The invention discloses a kind of cyclopentene ketone compounds and its preparation method and application, feature is the structural formula of the cyclopentene ketone compounds as shown in I, preparation methods steps include obtaining the fermentation liquid for containing new cyclopentene ketone compounds by the aspergillus ustus fermented and cultured that deposit number is CCTCC No.M2014086, then fermentation liquid is extracted with ethyl acetate, obtain coarse extract, by the extract through depressurizing silica gel column chromatography, reverse phase medium pressure column chromatography, last half preparative high-performance liquid chromatographic of reverse phase isolates and purifies to obtain, the cyclopentene ketone compounds, which have, inhibits cell activity, antitumor action, advantage is compound I and various pharmaceutically acceptable carriers, excipient or supplementary product compatibility, it can be made into anti-tumor drug, treatment for tumour, compound I is alternatively arranged as inhibiting the low molecule biology of cell Proliferation to visit Needle is used for life science.

Description

A kind of cyclopentene ketone compounds and its preparation method and application
Technical field
The present invention relates to a kind of cyclopentene ketone compounds, more particularly, to a kind of cyclopentene ketone compounds and its preparation Method and such compound are preparing the application in tumor cell proliferation inhibitor or antitumor agent.Background technique
Cyclopentene ketone compounds usually have the compound of significant physiological activity, such as prostaglandin, pentenomycin Deng.The present inventor studies and learns, marine fungiAspergillus ustusDJ003(is preserved in China typical culture collection Center, deposit number are as follows: CCTCC No:M2014086) ethyl acetate extract of liquid fermentation has preferable tumour cell to increase Inhibitory activity is grown, its active constituent is studied then.The chemical structure and tumour cell for having not yet to see the compound increase The report of inhibitory activity is grown, therefore in the market also there is not yet drug related to this.
Summary of the invention
Have technical problem to be solved by the invention is to provide one kind and inhibits tumor cell proliferation and anti-tumor activity Cyclopentene ketone compounds and its preparation method and application.
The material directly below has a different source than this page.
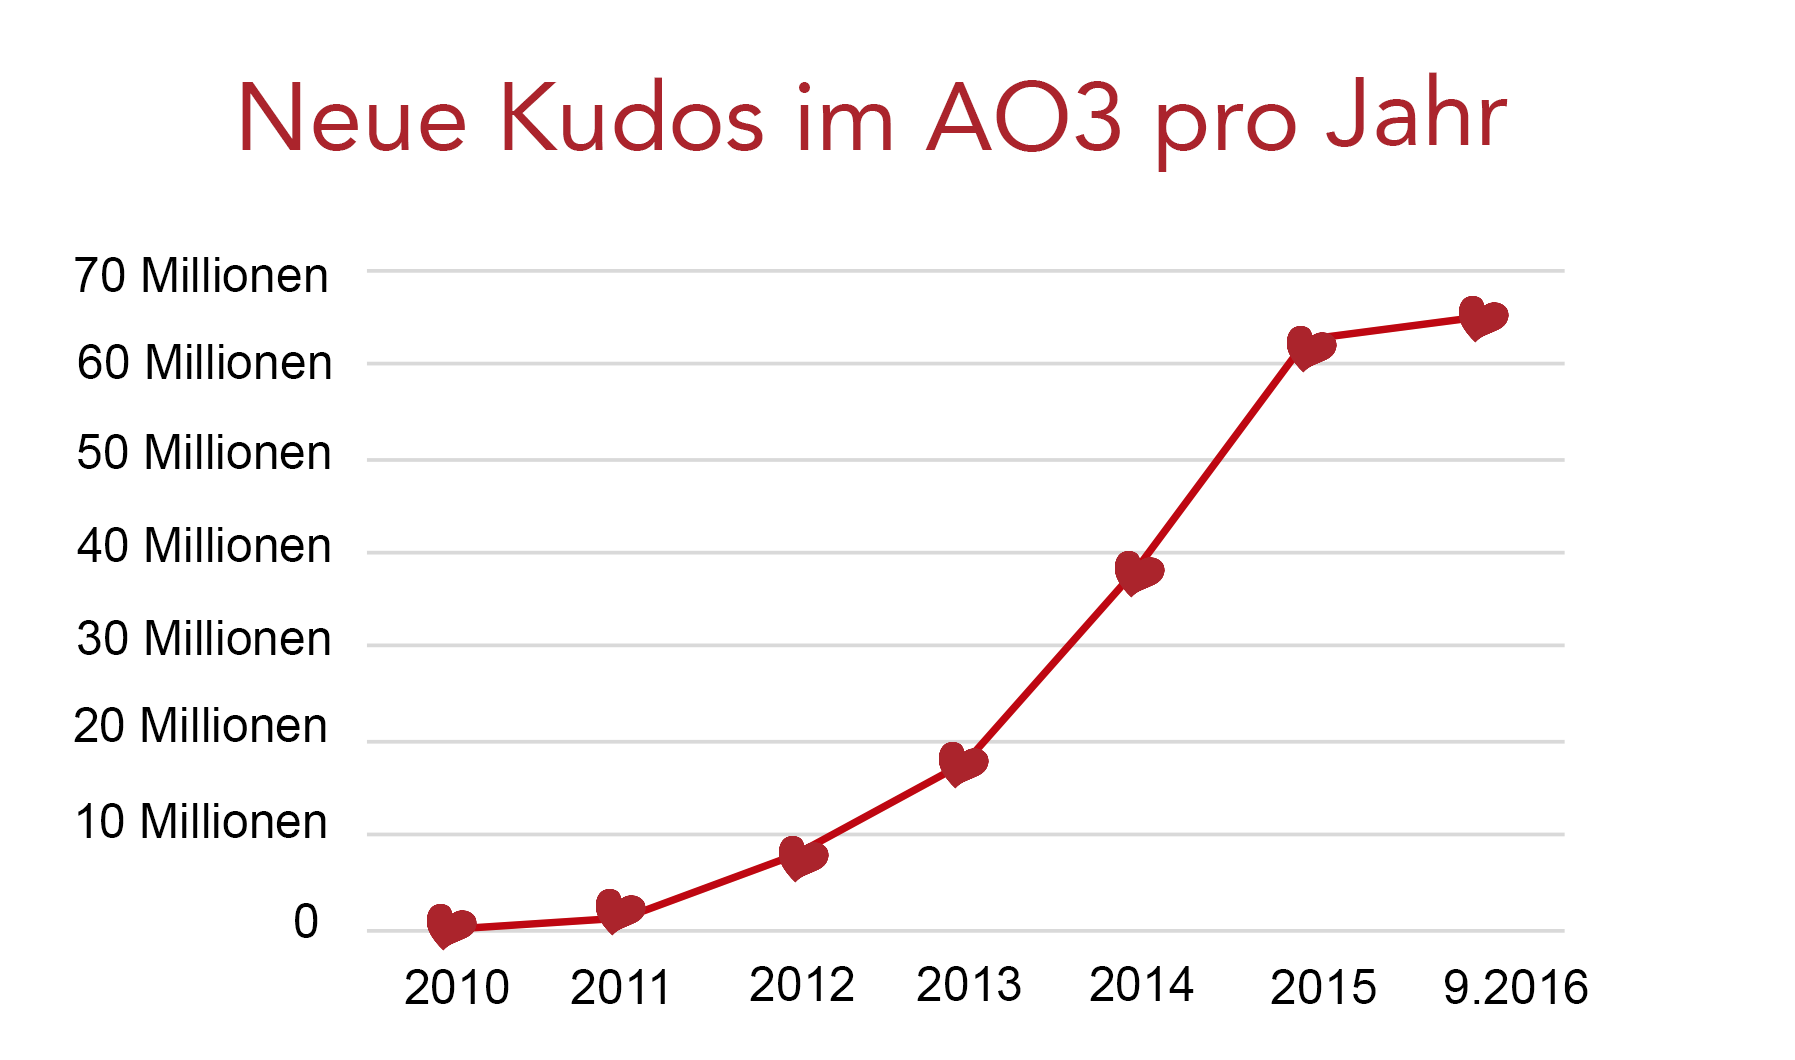 Wachstumskurve der AO3-Kudos, von Null im Jahr 2010 auf über 60 Millionen im Septermber 2016.
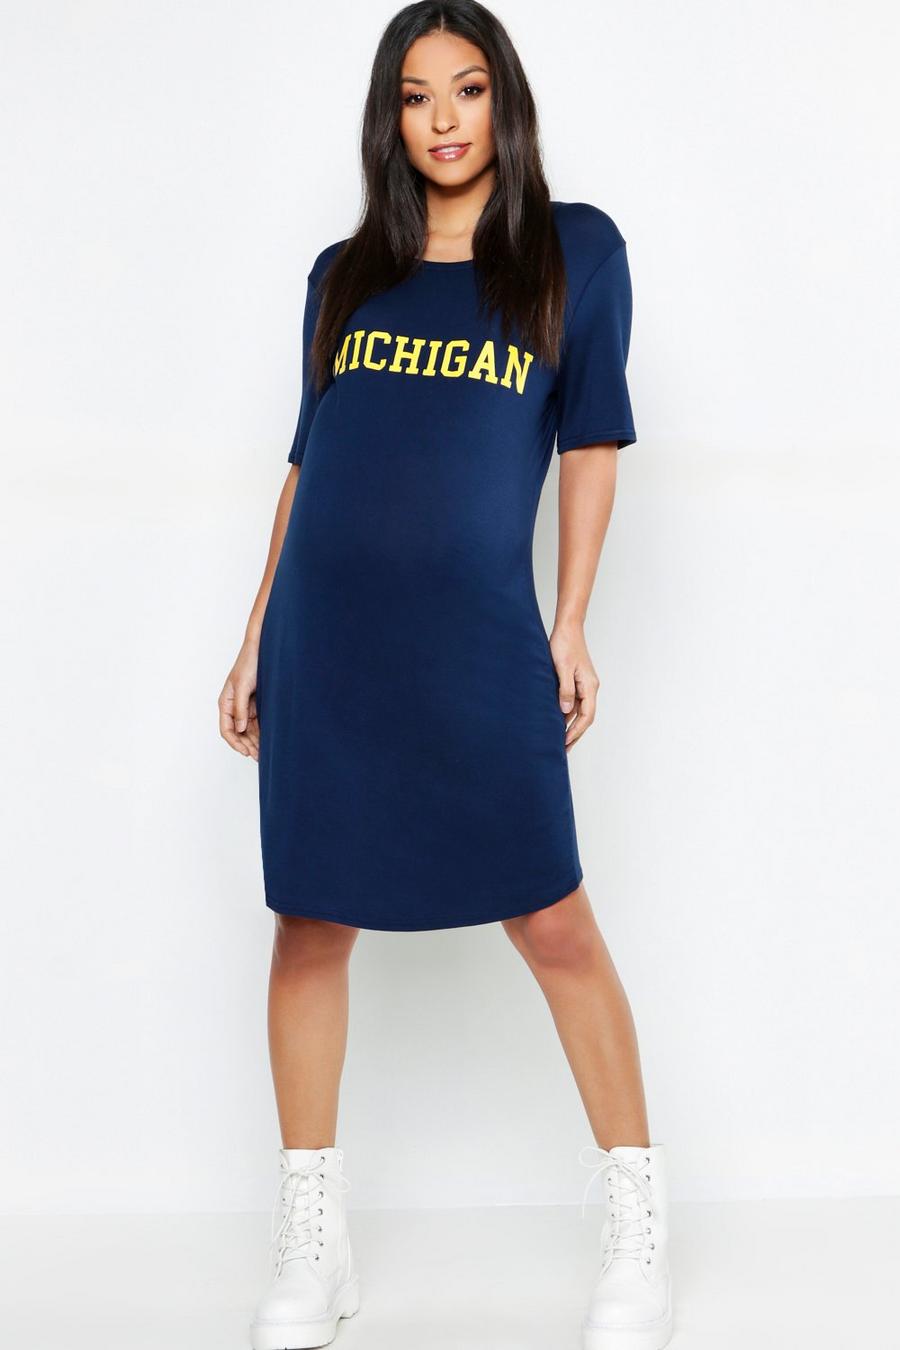 Vestido estilo camiseta “Michigan” Premamá image number 1

The technical scheme of the invention to solve the technical problem is: a kind of cyclopentene ketone compounds, the ring penta The structural formula of ketene compounds is as shown in I:
(I).
The preparation method of above-mentioned cyclopentene ketone compounds, specifically comprises the following steps:
(1) fermenting and producing
By deposit number be M2014086 aspergillus ustus (Aspergillus ustusDJ003) scribing line is brought back to life, and is inoculated into PDA In solid slope culture medium, after being cultivated 5 days in 28 DEG C of incubators;The bacterium colony that inclined-plane culture obtains all is inoculated into and is equipped with In 300mL PDB culture medium, in 28 DEG C, stationary culture 45 days, fermentation liquid is obtained;
(2) acquisition of medicinal extract
After fermentation liquid is removed thallus with filtered through gauze, the isometric ethyl acetate of fermentation liquid is repeated into extraction 3 times, is closed And gained extract liquor is extracted three times, extract liquor is concentrated under reduced pressure and removes ethyl acetate, obtains coarse extract;
(3) separation and purification of compound
After coarse extract methylene chloride and methanol mixed solvent dissolution, add 200-300 mesh silica gel mixed sample, using petroleum Ether/ethyl acetate is eluted using volume ratio 5:1 gradient as eluant, eluent, carries out decompression silica gel column chromatography to coarse extract, collection is washed De- component uses elution ratio for 10-100% methanol/water gradient elution by elution fraction by compression leg chromatographic isolation in reverse phase 120 minutes, flow velocity 20ml/min, the flow point that appearance time is 100 minutes is collected, finally the flow point is high through more than half preparation reverse phases Effect liquid phase chromatogram isolates and purifies to obtain cyclopentene ketone compounds, and structure is shown in formula I:
(I).
The formula of the PDB culture medium is as follows: 200 g of potato, glucose 20 g and seawater 1L.
The volume ratio of methylene chloride and methanol is 1:1 in the methylene chloride and methanol mixed solvent.
The eluent of the half preparation reversed-phase high performance liquid chromatography is that 1:1 is mixed methanol by volume with water.
The application of above-mentioned cyclopentene ketone compounds, the cyclopentene ketone compounds are preparing tumor cell proliferation suppression Purposes in terms of preparation or anti-tumor drug.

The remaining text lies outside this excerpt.